My question : How to approach and solve this problem? I feel like there are many ways to approach expected value problems and I got confused as to which direction to think in.

• +10

 » 3 weeks ago, # |   +12 For problem 2 :https://math.stackexchange.com/questions/3374946/expected-number-of-balls-chosen-from-bag-i-throw-out-everything-in-the-bag-withE(n) = 1 + (sum of E(k) for k = 1 to n-1)/n
•  » » 3 weeks ago, # ^ | ← Rev. 3 →   0 Will this be right :- Let a[x] : summation of (n-1)Cr * (r+1) where r is from 0 to n-1 (n>=2 and a[1]=1) and Answer is (a[1]+...a[n])/n ???
•  » » » 3 weeks ago, # ^ | ← Rev. 2 →   +3 It'll be good if you could explain why you feel this is the correct answer.It's hard for anyone to help you without knowing the intuition behind your recurrence.
•  » » 3 weeks ago, # ^ |   0 Thank you.I don't understand how in the discussion forum at stackexchange they arrived at the recursion though.
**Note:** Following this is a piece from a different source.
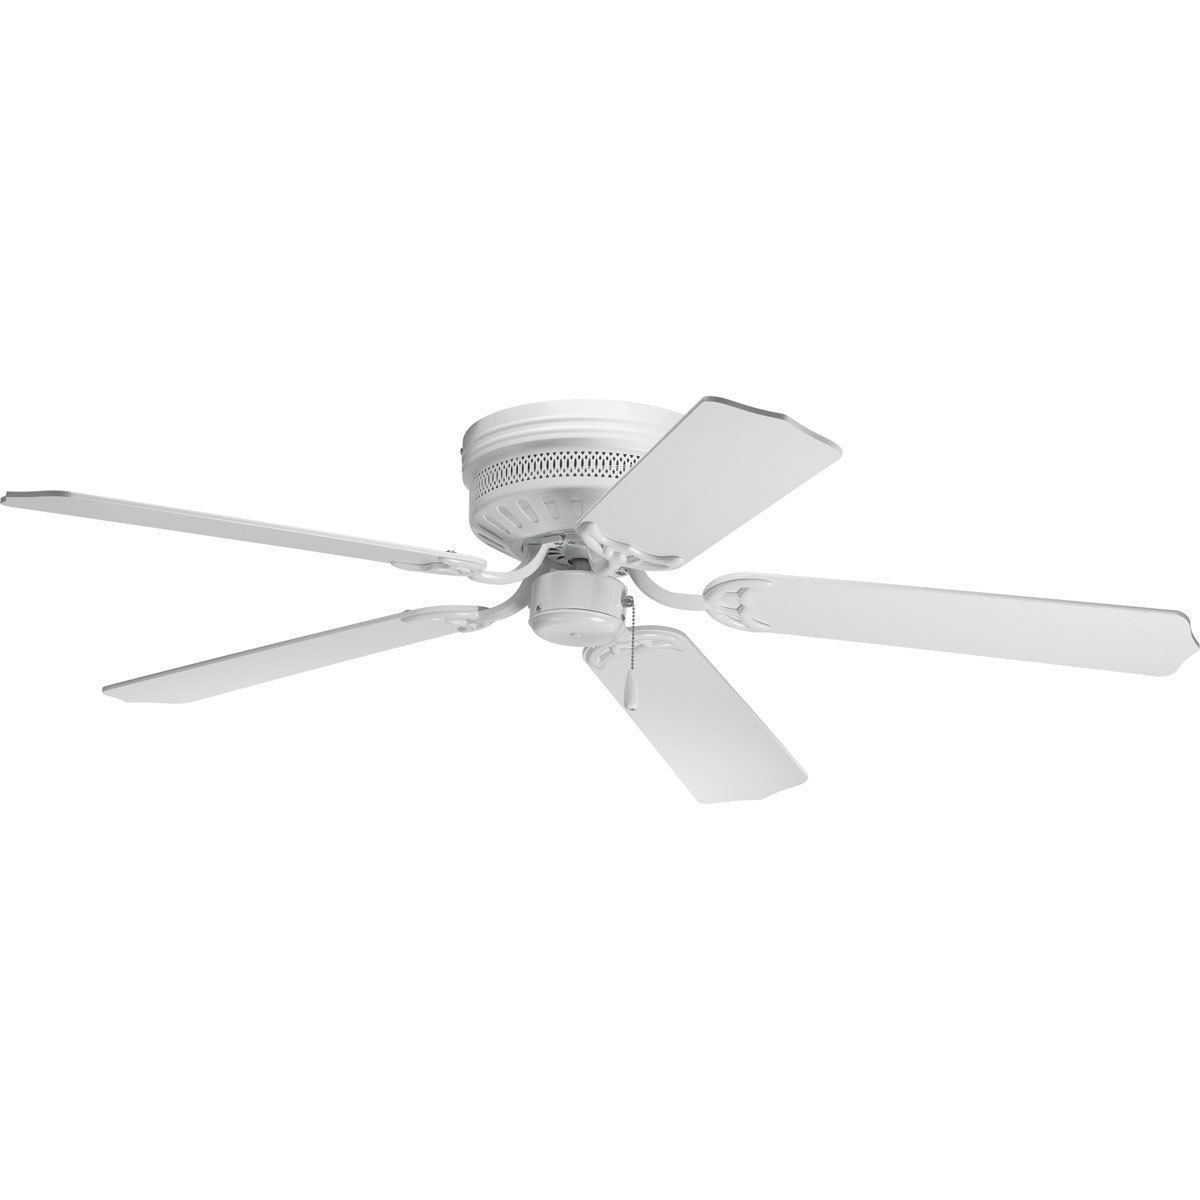 Progress lighting airpro hugger inch blade white ceiling fan

It would be of great help if someone is able to explain that a little clearer.
•  » » » 3 weeks ago, # ^ | ← Rev. 3 →   0 Sure, no problem.Initially you have N balls in the bag.With 1/N probability I can pick the smallest ball. Similarly for the 2nd smallest ball there is 1/N chance and so on.E(N) = 1/N*(1 + E(N-1)) + 1/N*(1 + E(N-2)) + .. + 1/N*(1+E(0))If Initially I picked the smallest ball I'll be left with N-1 useful balls same way if I picked the largest , I'll be left with 0 useful balls.That +1 everywhere is because of the person getting promoted because of the current ball draw.x1/N represents the chance of a particular outcome i.e. chance of picking a particular ball.Hope this helps.
•  » » » » 3 weeks ago, # ^ |   0 Thank you
 » 3 weeks ago, # |   +3 can u share link to similiar problem they had asked about the string problem,where we had to find longest even palindromic subsequence i guess,i need to practice that kind of problem??
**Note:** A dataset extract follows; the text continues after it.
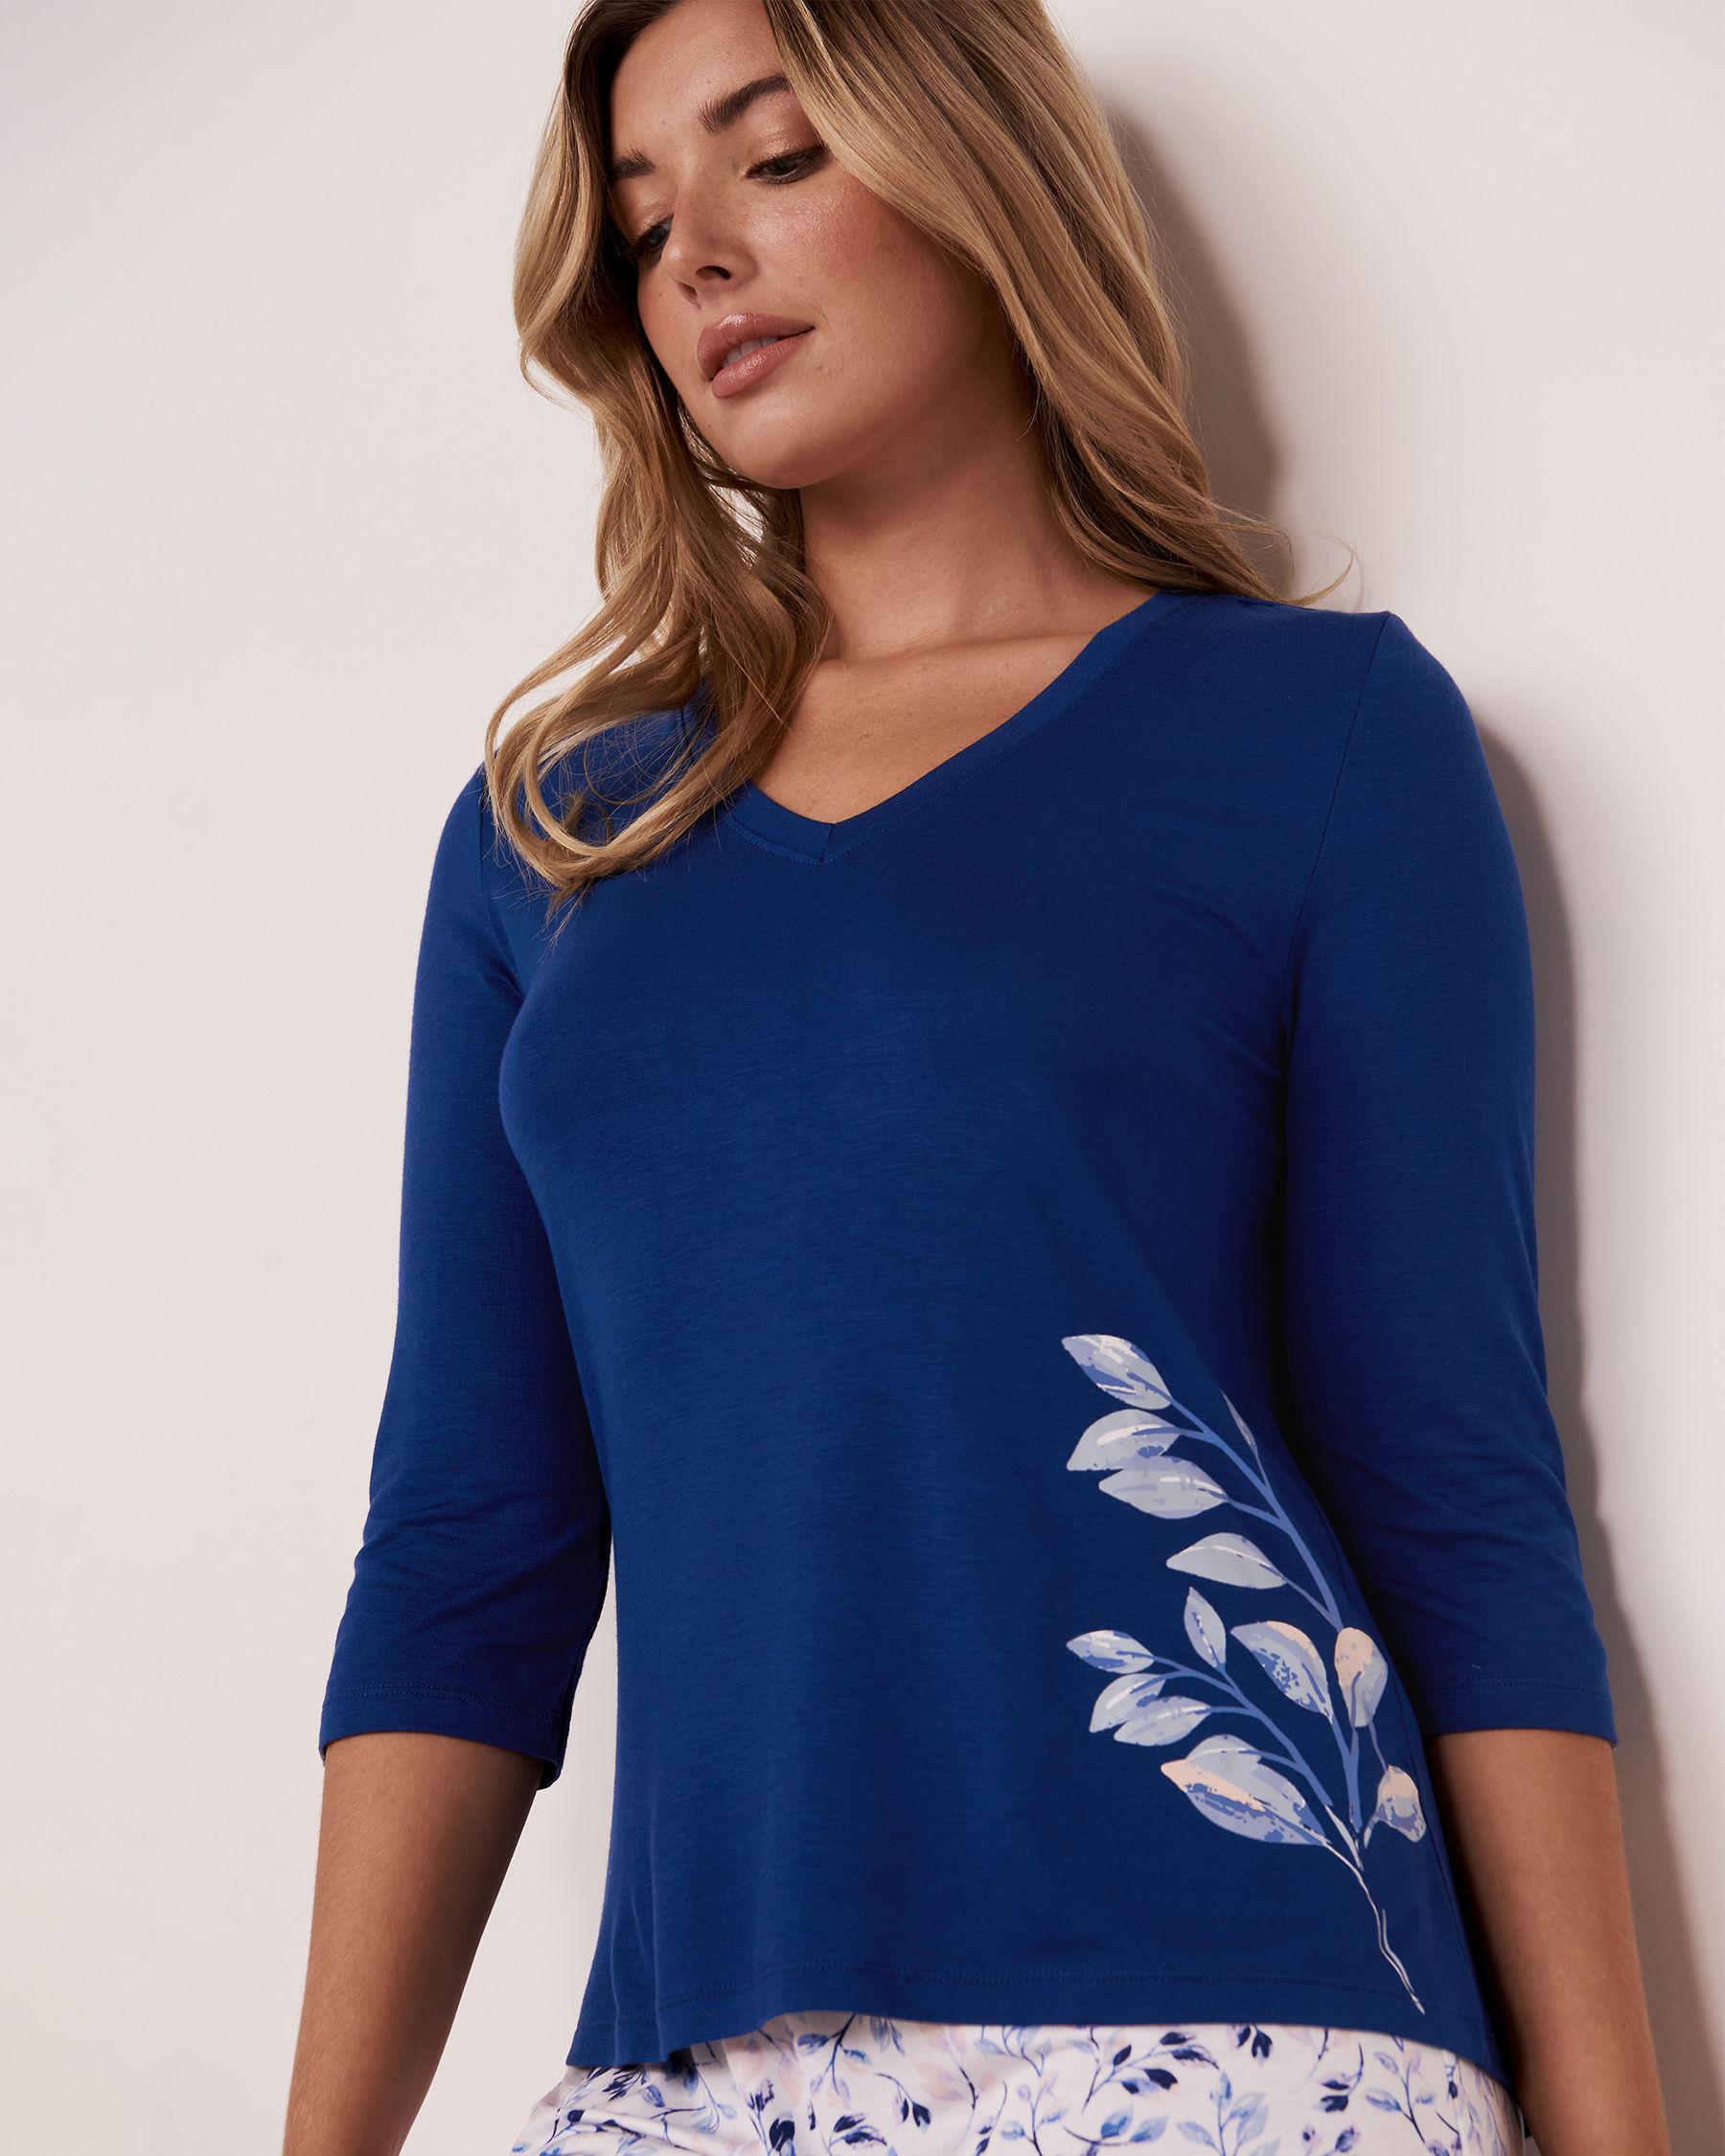 LA VIE EN ROSE V-neck 3/4 Sleeve Shirt Blue 40100072 - View3

•  » » 3 weeks ago, # ^ |   0 Link 1And Link 2
 » 3 weeks ago, # |   +3 Is there any chances of getting a call after solving only 2 problems ?
•  » » 3 weeks ago, # ^ |   0 Not to break your hopes but I'm guessing a lot of people solved all 4 problems. Still, I'd be happy if you get selected :)
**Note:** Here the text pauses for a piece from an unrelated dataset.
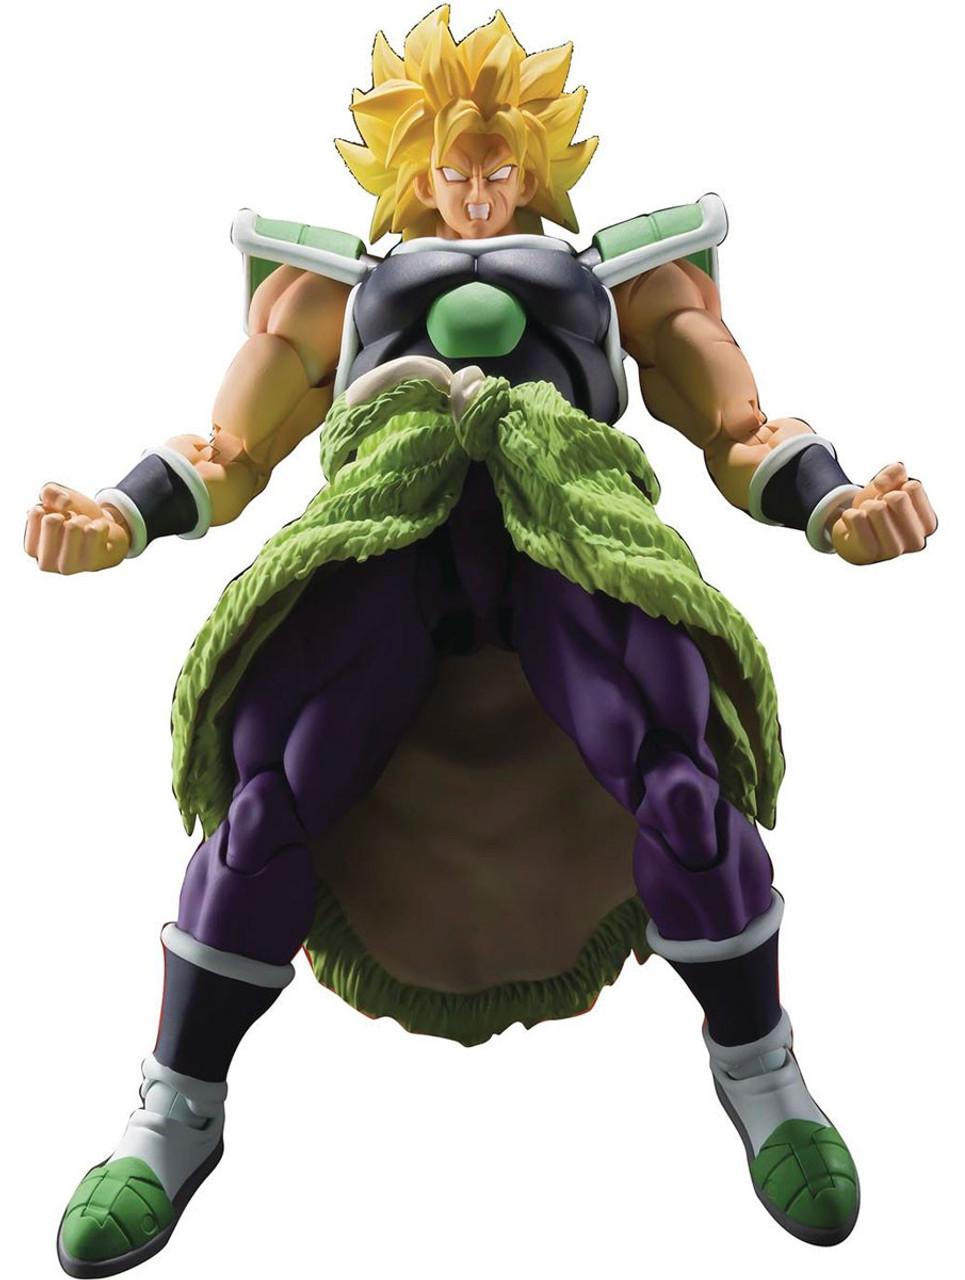 2 PRE-ORDER S.H.Figuarts Dragon Ball Super Broly Movie Action Figure Ver

•  » » » 3 weeks ago, # ^ |   +11 Haha !! Never mind. I know that I haven't performed well this time but have certainly improved a lot from the last Hiring Contest(Codeagon). Will expect to improve afterwards. Thanks anyways :)
•  » » » » 3 weeks ago, # ^ |   0 That's the spirit brother!
 » 3 weeks ago, # | ← Rev. 2 →   +5 For problem 1: I think it should work, but you have to drop cases which would compose disconnected tree graph, by this you will reduce runtime a lot.
•  » » 3 weeks ago, # ^ |   0 Thank you. I believe some people did submit the brute force solution and got it right without any optimizations even.
•  » » » 3 weeks ago, # ^ |   0 Yup, bruteforce solution was passing all the test cases without any optimization.
 » 3 weeks ago, # |   +3 For the second problem formula for promoted men is f(n)=n!/2+n*(f(n-1)), where n>1,f(1)=1; so p=f(n) && q=n!
 » 3 weeks ago, # |   +4 Did anyone receive a call for an interview? If yes then how many did they solve?